EVANGELO E COSTITUZIONE. Politica e morale ....

GABRIELE DE ROSA (1917-2009): UN GRANDE PROTAGONISTA DELLA VITA DEMOCRATICA ITALIANA. Note sull’ultima intervista, sulla sua scomparsa (un articolo di Giovanni Grasso) e sul lavoro di storico (un articolo di Antonio Airò) - a cura di Federico La Sala

È morto ieri nella sua casa romana lo storico ed ex senatore Gabriele De Rosa. Aveva 92 anni. La camera ardente è allestita all’Istituto Luigi Sturzo, in via delle Coppelle a Roma. I funerali avranno luogo luogo domani alle 11,30 nella Chiesa di Sant’Agostino
mercoledì 9 dicembre 2009.
 


l’ultima intervista

-   «No al carrierismo e alle leggi su misura
-  I politici servano lo Stato, non lo usino per sé»

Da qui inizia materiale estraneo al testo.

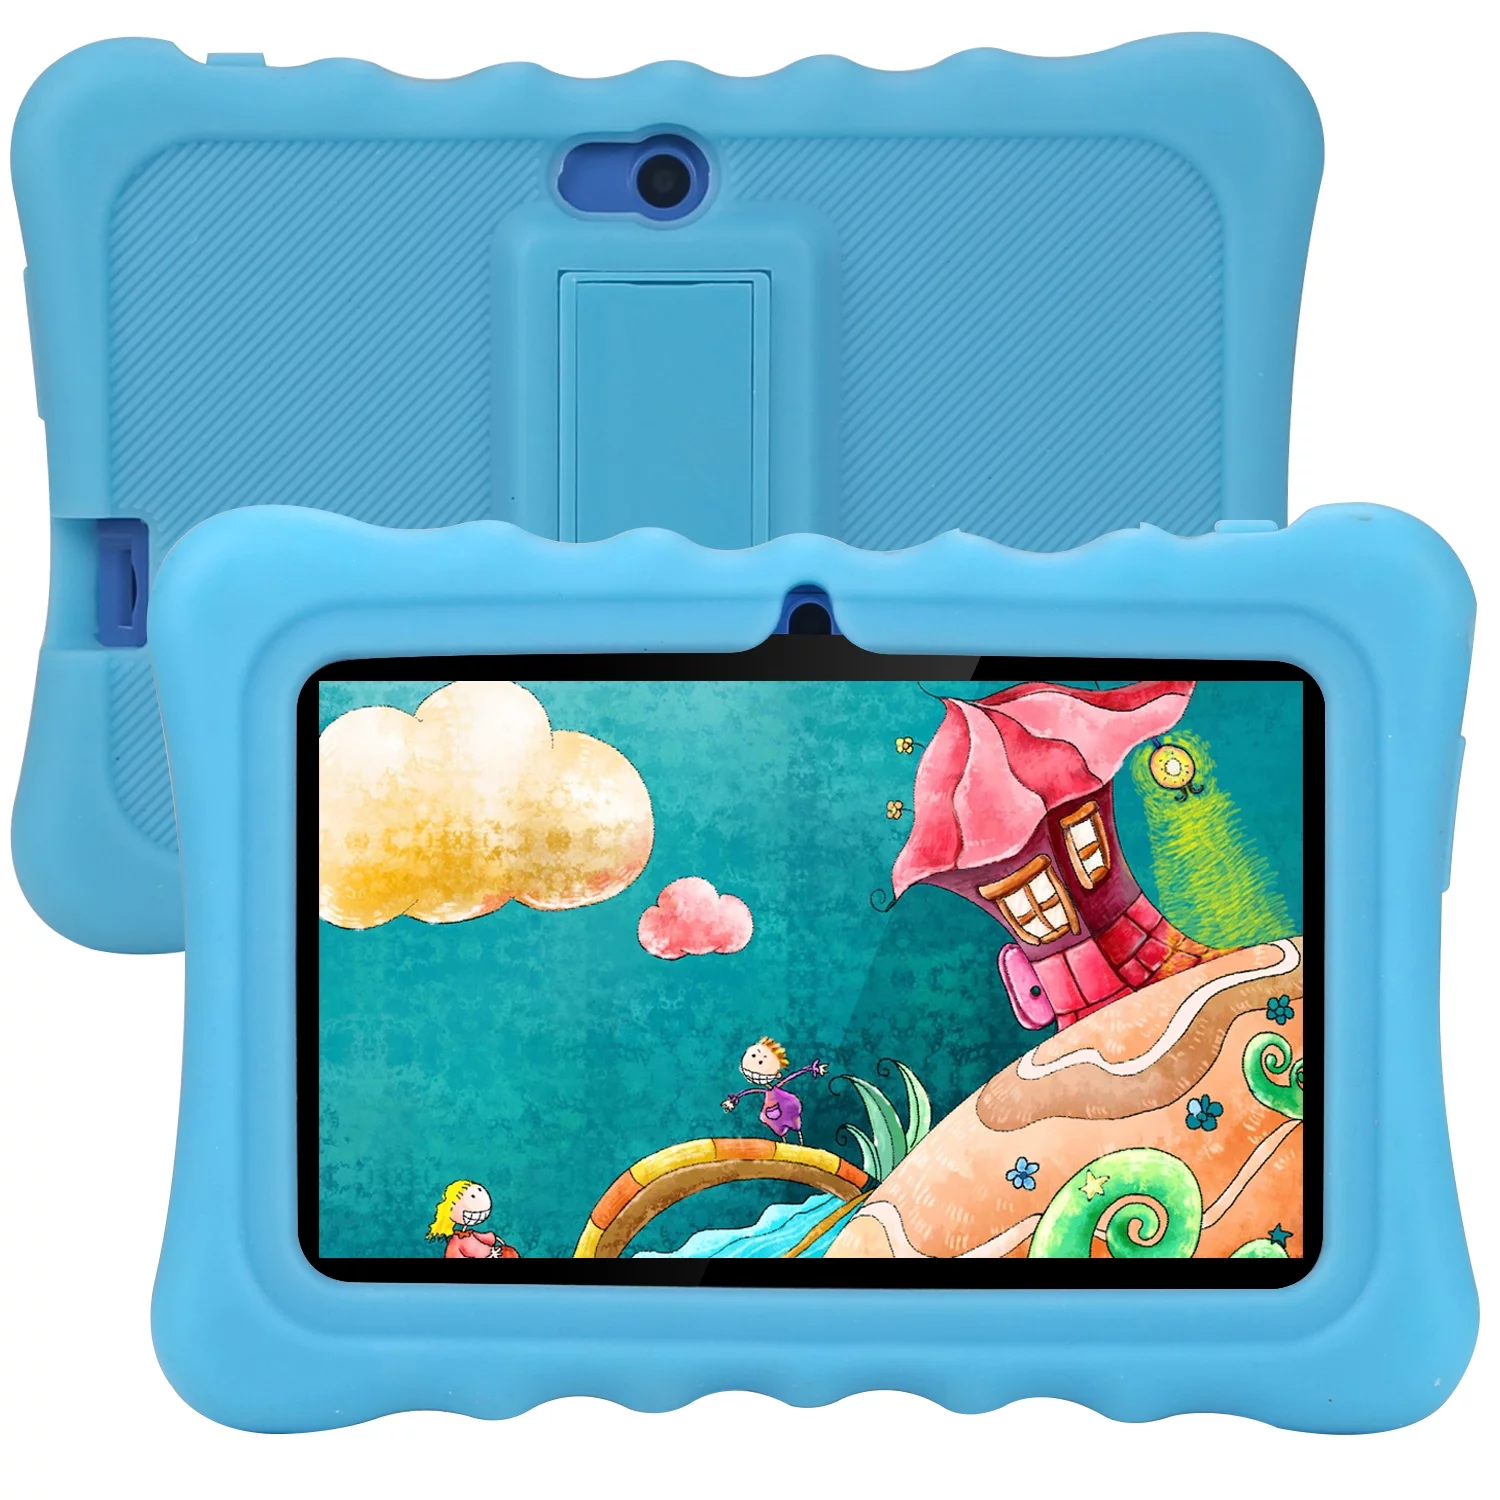 Tagital T7K Plus 7” Android Kids Tablet WiFi Camera for Children Infants Toddlers Kids Parental Control with Kickoff Stand Case Android 9.0 (2020 Version)

«Io oggi di eredi di Sturzo in giro ne vedo pochissimi». Lo affermava Gabriele De Rosa a Giovanni Grasso, nella sua ultima intervista su questo giornale il 18 gennaio scorso: «Molti dicono di ispirarsi a lui, anche se non hanno mai letto un suo libro. Sturzo è stato il protagonista di una stagione politica che resta irripetibile, quella dell’ingresso dei cattolici italiani nella vita democratica del Paese».

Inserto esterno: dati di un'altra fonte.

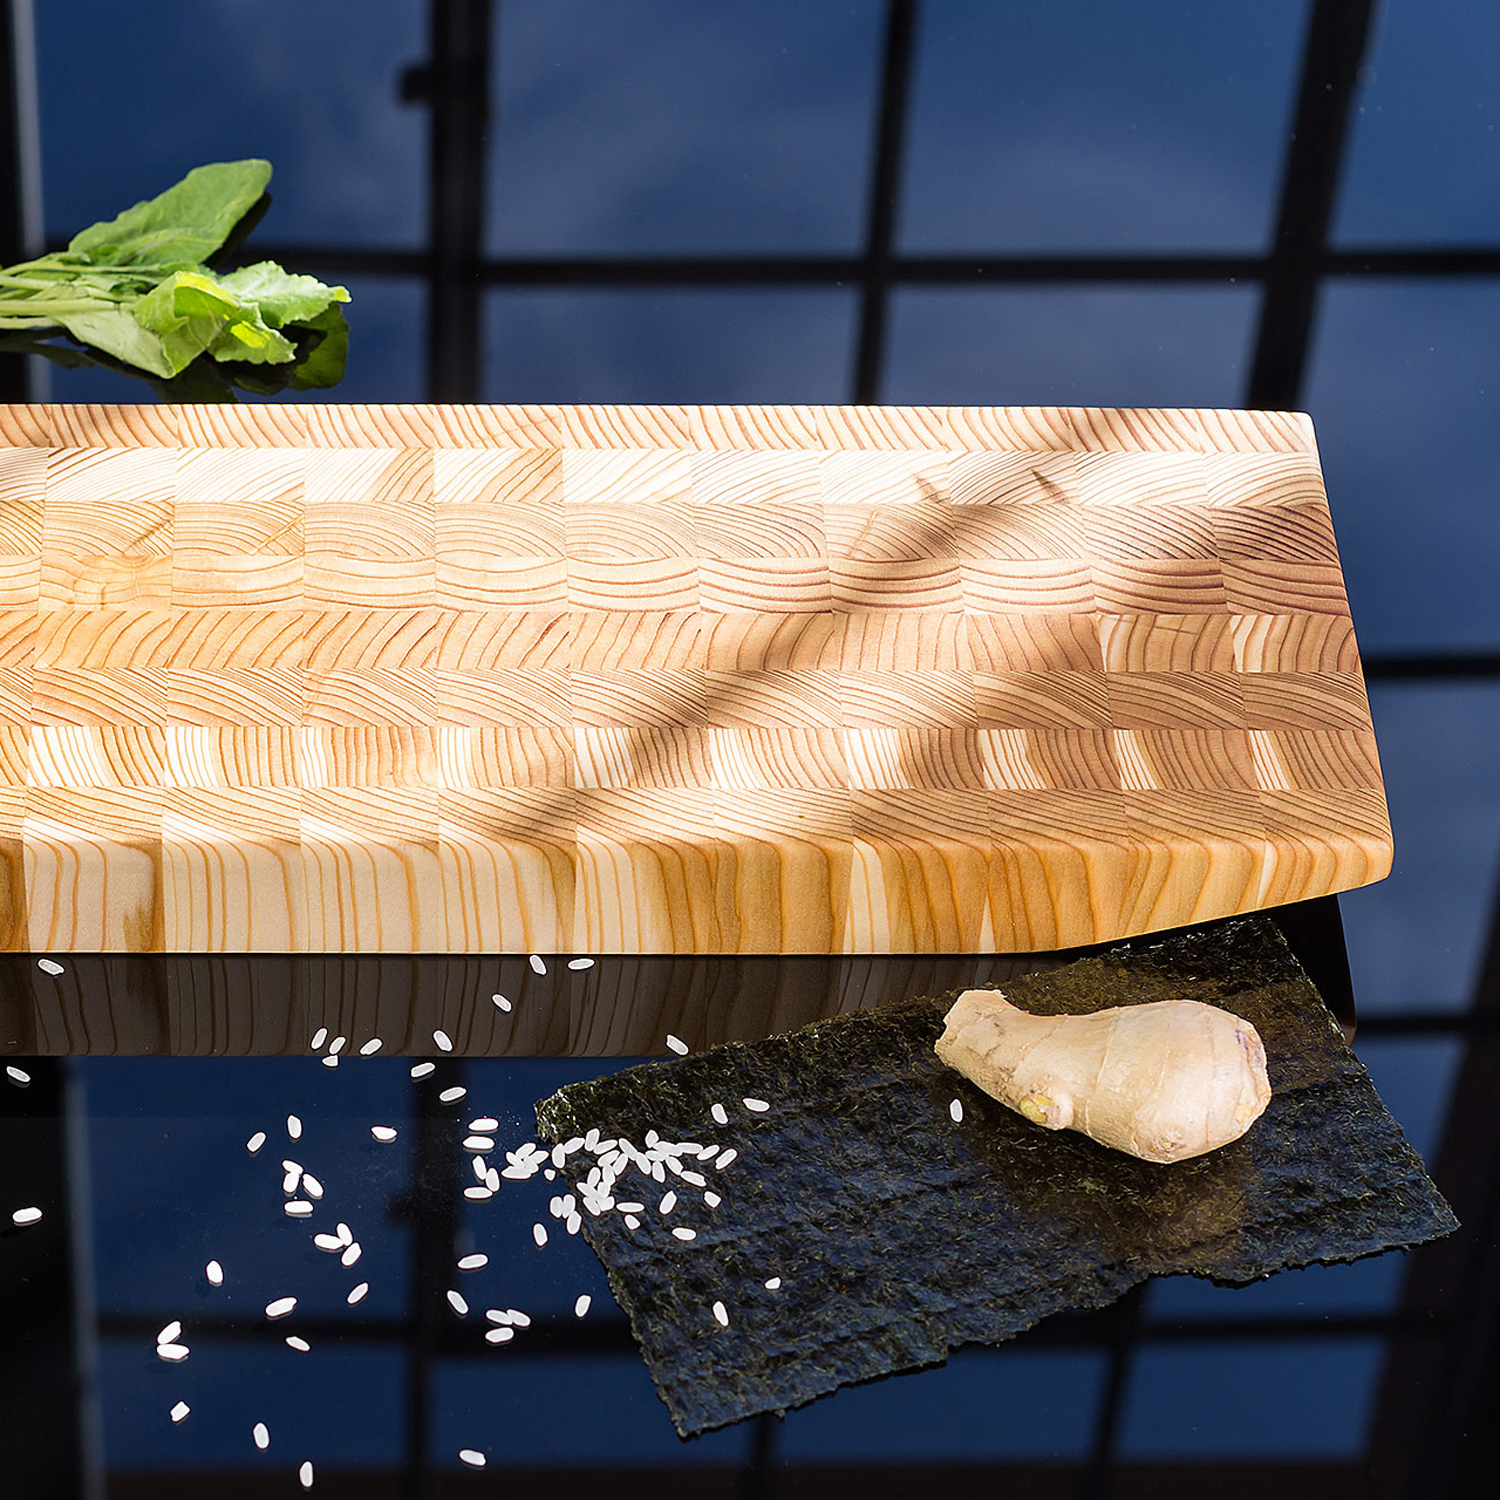 Larch Wood: Ki Small Serving Board Product Image 1 of 5

In quell’ultimo dialogo, lo storico campano sottolineava come dalla vita di don Sturzo «ci vengono ancora tanti elementi attualissimi, capaci di indicare una direzione alla politica di oggi, smarrita, povera di ideali».

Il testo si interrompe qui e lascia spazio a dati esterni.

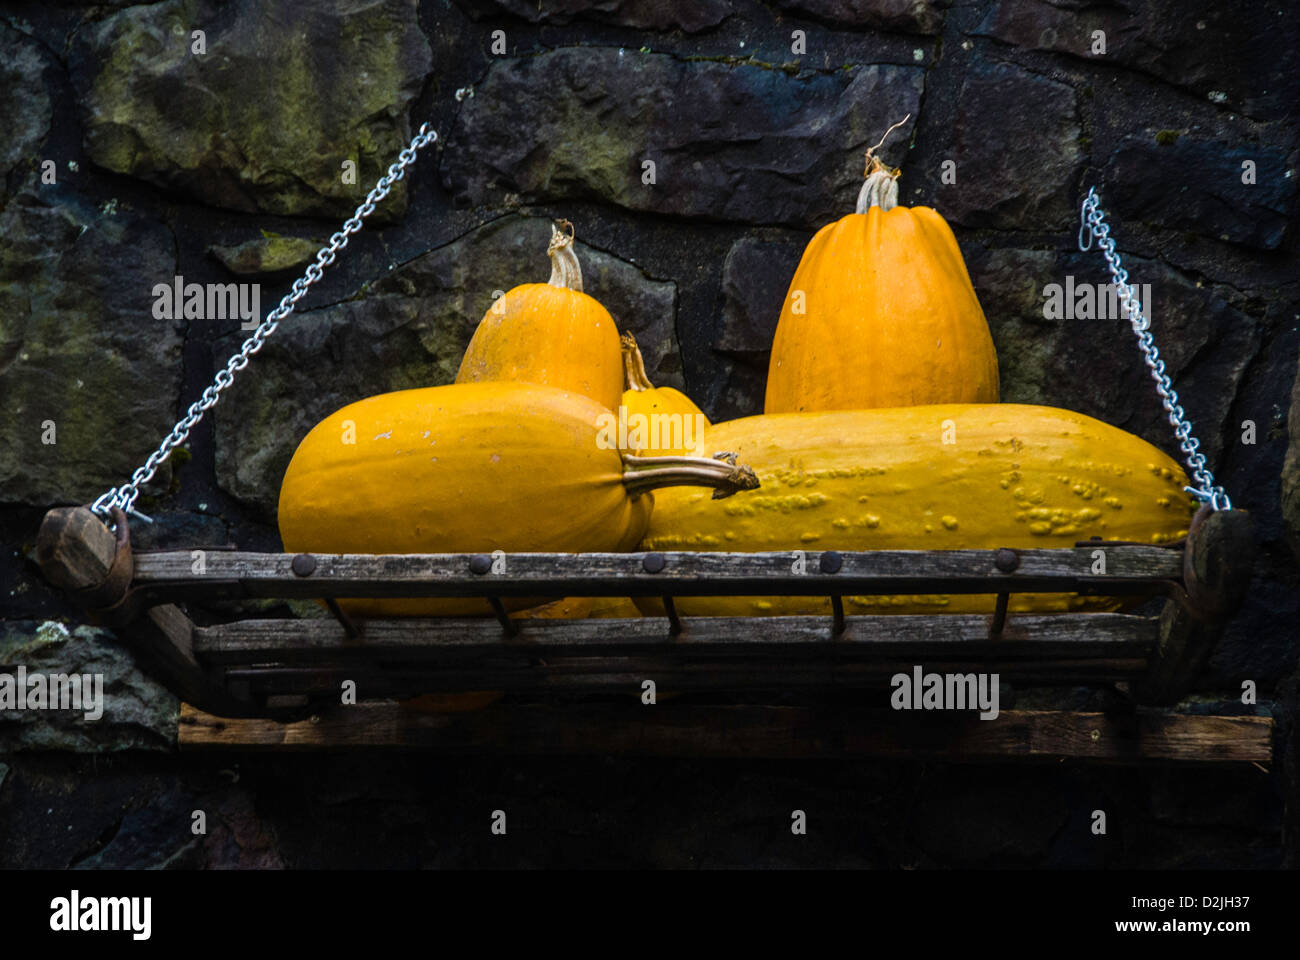 Squash On Wooden Plank - Pumpkins on a wooden holder Stock Photo

In particolare De Rosa indicava due gli insegnamenti sturziani per il mondo politico odierno, cattolico e no: «Primo, lo strettissimo legame tra politica e morale, non solo sul piano della difesa dei valori cristiani ma anche come rifiuto di ogni machiavellismo».
-  Secondo, «la capacità straordinaria di tradurre i valori in proposte concrete, capaci di parlare a tutti gli uomini ’liberi e forti’».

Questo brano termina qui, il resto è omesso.